The “Arsenal of Freedom” is Secretary of War Pete Hegseth’s nationwide industry tour to promote and rebuild the U.S. defense industrial base. Stated goals include revitalizing American manufacturing for national security, speeding up weapons acquisition (a “wartime” or rapid-acquisition mindset), partnering with commercial tech and space firms, and rallying workers and contractors to expand production and innovation for military needs.
As presented in news coverage of Hegseth’s tenure, the Secretary of War is the cabinet-level head of the Department of War (the Pentagon equivalent); responsibilities mirror those of a defense secretary: overall civilian leadership of the military department, setting policy priorities (strategy, readiness, force modernization), overseeing acquisition and the defense industrial base, and coordinating with the President, Congress, service secretaries, combatant commanders and the Chairman of the Joint Chiefs. Operational command of forces still runs from the President to combatant commanders; service chiefs and service secretaries run their services’ administration and acquisition under the Secretary’s policy direction.
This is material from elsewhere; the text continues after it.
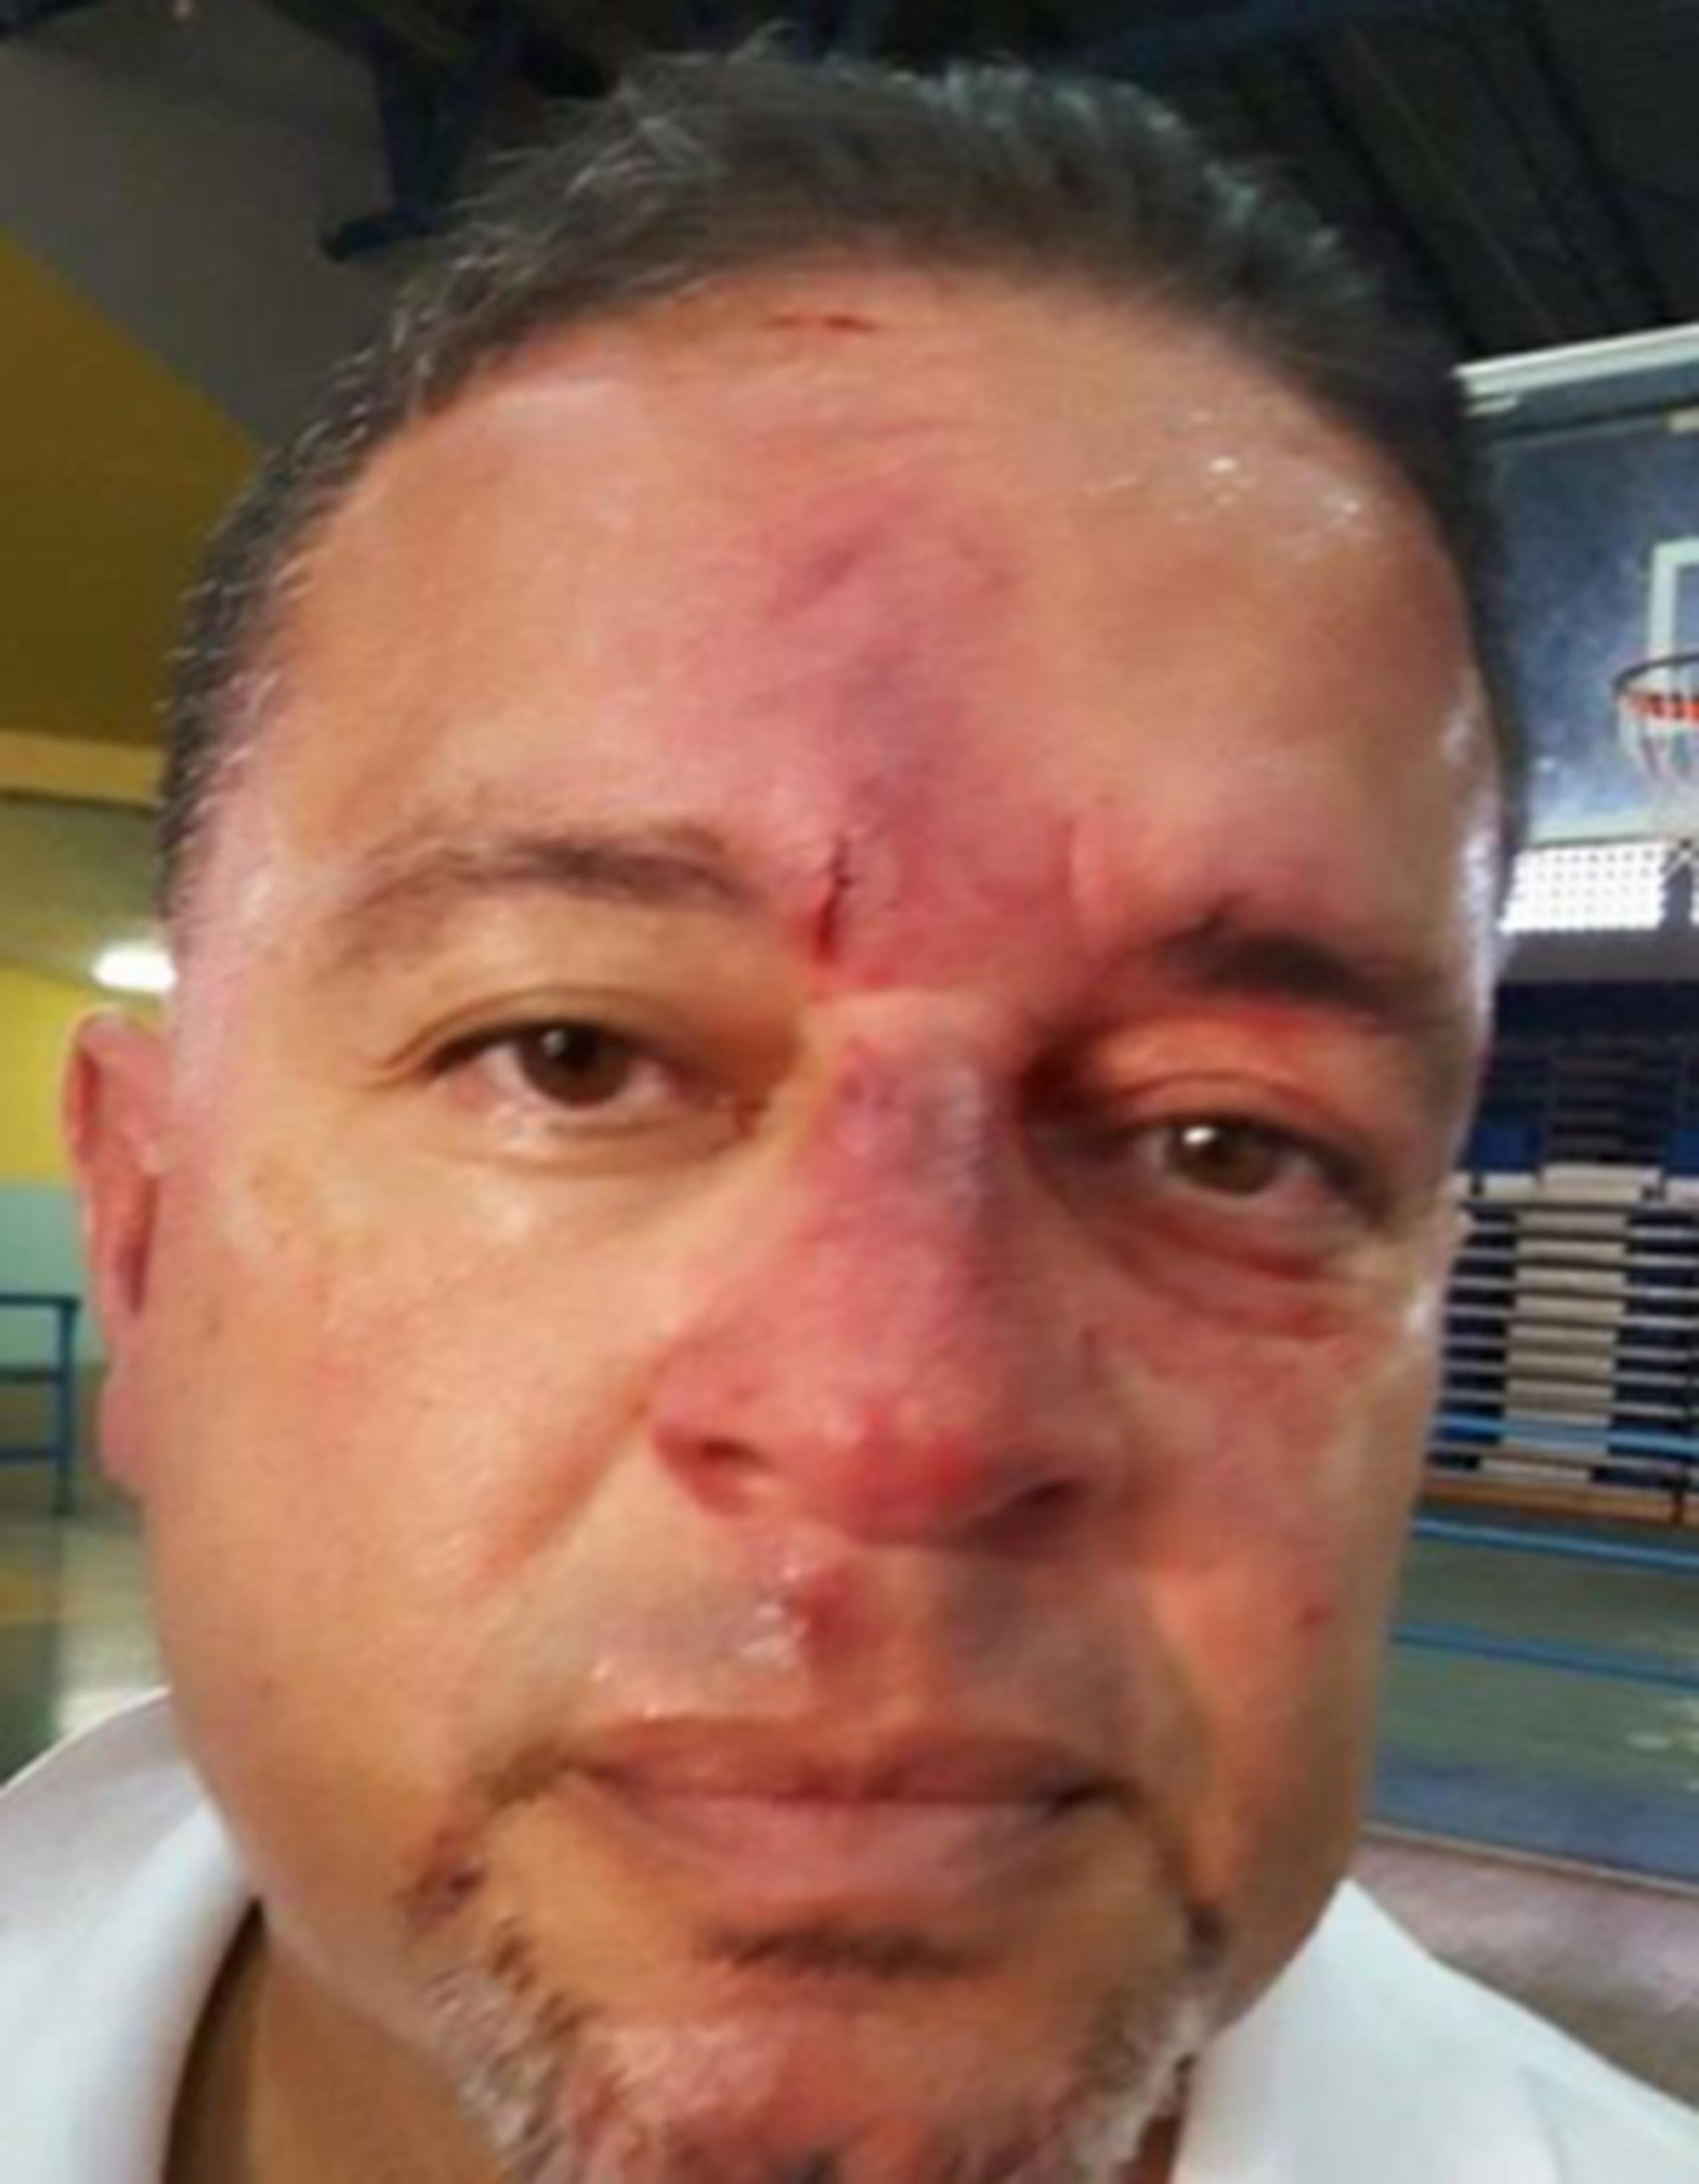 El árbitro fue llevado al hospital Ryder en Humacao por agentes de la policía. (Suministrada)

General Dynamics: large aerospace and defense contractor (ships, combat vehicles, munitions, mission systems) — e.g., combat vehicles and shipbuilding units. Anduril: defense technology company focused on AI-enabled sensors, autonomous systems, and defense software (sensors, counter‑UAS, autonomy). Bath Iron Works (HII): major U.S. naval shipbuilder that constructs destroyers, frigates and other surface combatants for the U.S. Navy.
The Department of War advisory and contemporaneous press reporting frame the visits as part of outreach to industry to highlight the tour’s agenda (industrial base revival, faster acquisitions and partnerships with commercial tech). The advisory does not announce specific contracts; reporting shows the stops mix public relations, political messaging and policy advocacy (and may include acquisition-level discussions behind closed doors), not formal contract awards in the advisory itself.
The Department of War advisory does not list open press events. News coverage shows Hegseth often gives public remarks at tour stops, but whether any specific Quonset Point or Bath events were open to press or scheduled briefings is not stated in the advisory; public access/briefing details were not published there.
No specific policy or procurement decisions tied to this Rhode Island/Maine tour stop were announced in the Department of War advisory; the tour is presented as a broader initiative to push acquisition and industrial‑base priorities, not to declare new contracts at that advisory’s publication.